One of the Arminian's biggest criticisms of calvinism is that it tends to hyper-calvinism and lack of christian service and evangelistic fervour. It can do this indeed. I know many many churches where this is so, and they are dying, shrinking, lifeless places.

[ rant ]
I have often said that I would rather serve the Lord in an Arminian church than not serve Him at all in a hyper-calvinistic church. I cannot stand hyper-calvinists. They are the scourge of the reformed church. From cover to cover of God's word, He is sovereign, BUT he uses human instruments to do his work. We must always be ready to be His instruments, always seeking new ways to serve Him (within scriptural mandate), always proclaiming the hope that is in us, and never rest until Glory! [ / rant ]

[Edited on 3-8-2005 by JonathanHunt]


----------



## JonathanHunt (Mar 8, 2005)

Jenson



> We must be certain before making remarks like "I know many many churches where this is so, and they are dying, shrinking, lifeless places." that they are dying, shrinking and lifeless because of hyper-calvinism. I would say that a big, lively, active church can just be as "dead" as well, in a spiritual sense.



Any big, active, lively churches in mind? Regarding the small churches, I didn't say it was hyper-calvinism killing them, I said that it was lack of evangelism and christian service - these are often the children of hyper-calvinism. I have an ever-broadening experience of the 'reformed' scene here in the UK and it is a very sad scene indeed. If you think that the majority of reformed churches (not perhaps in terms of numbers of members but in terms of numbers of churches) are evangelistic and outward looking, then I must respectfully disagree with you.



> How many Hyper-Calvinistic churches have you visited to make such claims?



Enough. What do you want me to do, name them all? I have a broader experience than perhaps you imagine - perhaps you think I spent all my time only at the Tab and now at my current church? Don't forget that I have friends in many other churches and contacts on the pastoral staff of many others. I am quite confident of what I am saying. You won't read of the churches I am thinking of in evangelical times or anything - they are so small, so unknown, so struggling, and yet, still, so hyper-calvinistic!



> do you know that they "take the sovereignty of God to such an extreme as to absolve himself of any duty to proclaim the good news of the gospel to the lost."?

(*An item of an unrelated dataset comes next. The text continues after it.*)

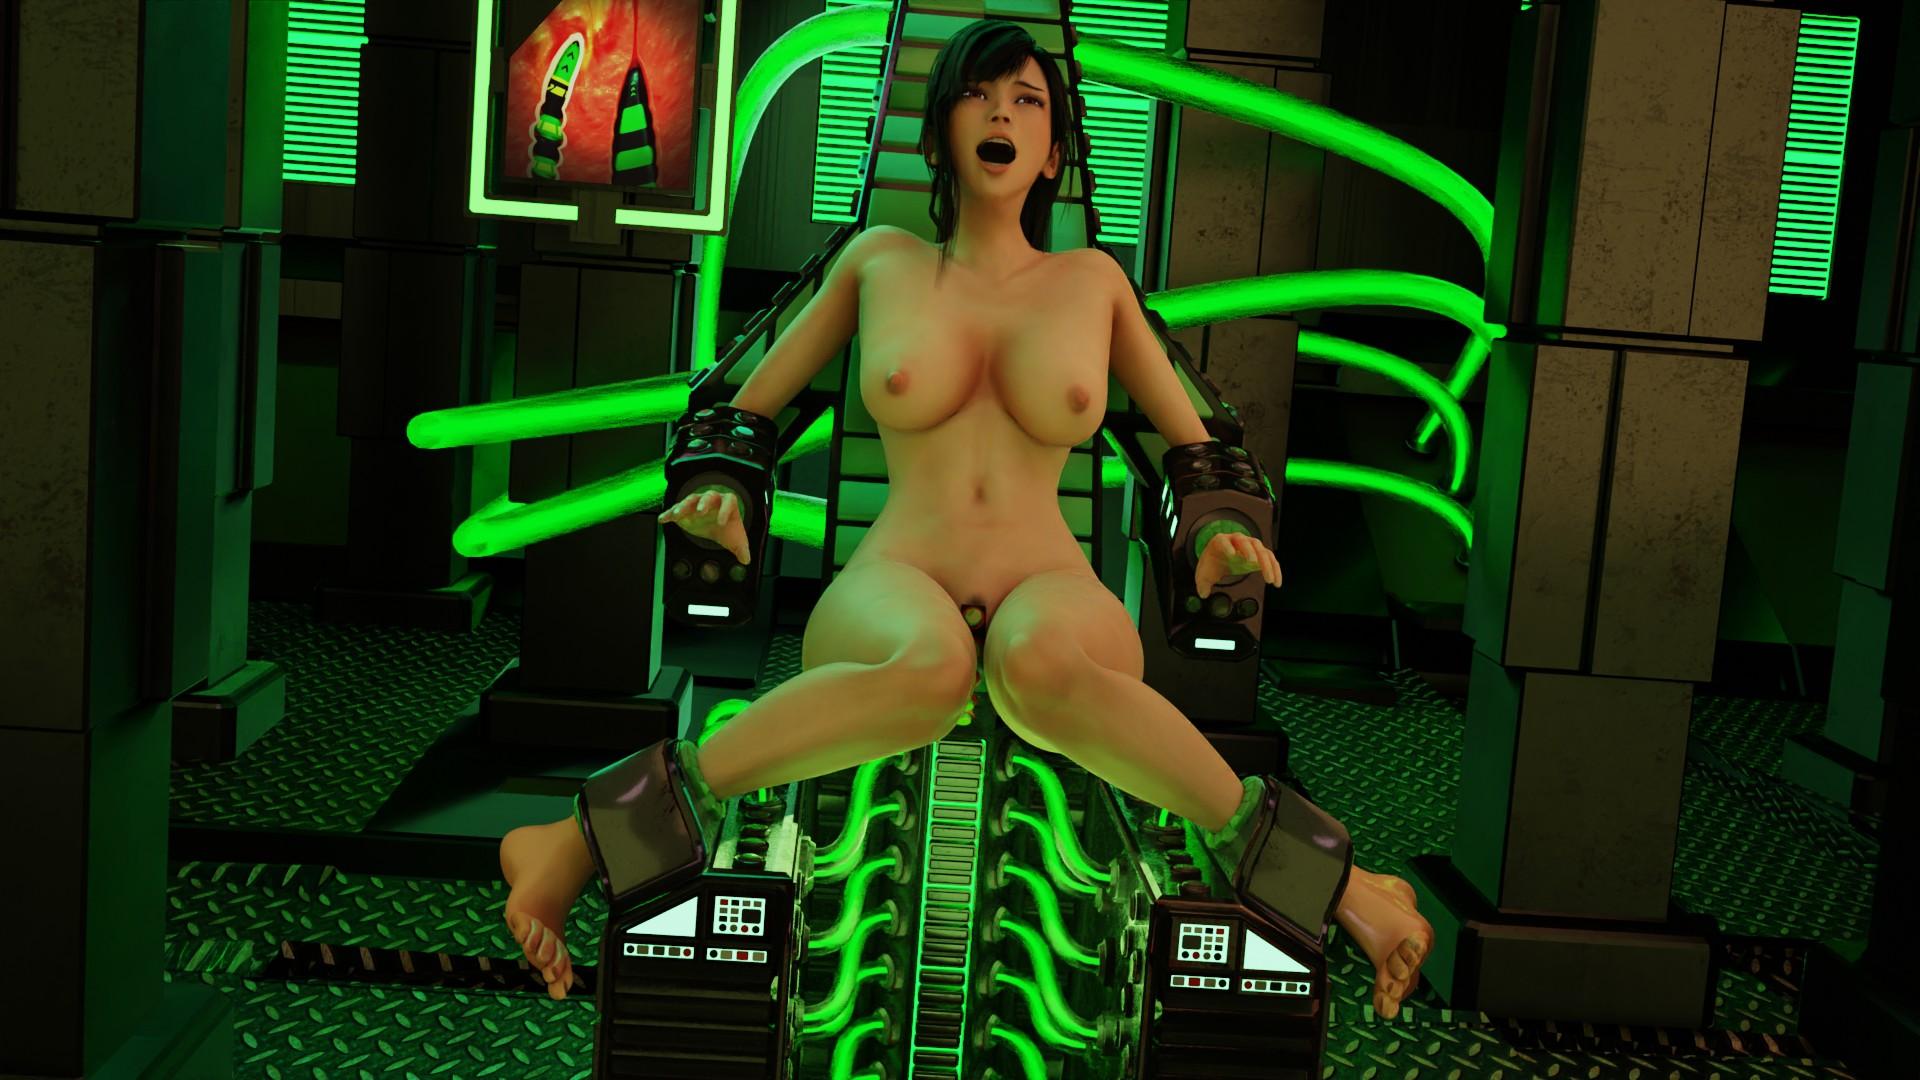 Tifa's New Intense Training Regiment [Unity Experience] VRAnimeTed vr porn game vrporn.com virtual reality

I was trying to give a working definition to brother Shane. I left myself open to correction. You have not offered any alternative definition. I didn't apply the definition to any and every 'hyper-calvinistic' church I know of. Often the hyper-calvinism of calvinists is unsaid and unrealised - but it is like a subtle dose of sleeping-pills slipped into the life of the church.



> "I cannot stand hyper-calvinists." - Some are as Christian as you are, if God can stand them, why can't you?



No, you're wrong. I'm sure they ALL are as much a christian as I am! 

Perhaps it would be better to say that I cannot stand hyper-calvinISM, eh?

Jenson, I'll try and talk to you next time we meet and explain the battles I have been fighting ever since I left the Tab. Maybe you will understand a little better why I am so adamant, and maybe you will see that I am not parroting what other people say (Peter Masters for example?) but that I am speaking from simple personal experience.

Thank you for your reply - let me clarify my position:

I cannot stand hyper-calvinISM

I cannot stand hyper-calvinISM

I cannot stand hyper-calvinISM



Jonathan



[Edited on 3-8-2005 by JonathanHunt]


----------



## JonathanHunt (Mar 8, 2005)

You can always U2U or email me, Jenson. I'd be interested to hear what you have to say.

Jonathan


----------



## Shane (Mar 8, 2005)

Thanks for the info, it has clarified my question. I certainly believe we have a job to witness as christians, after all we never saw the apostles sit back and say oh well the chosen will find us.

I believe somone has this quote from John Owen in his signature on this board and I think it applies quite well.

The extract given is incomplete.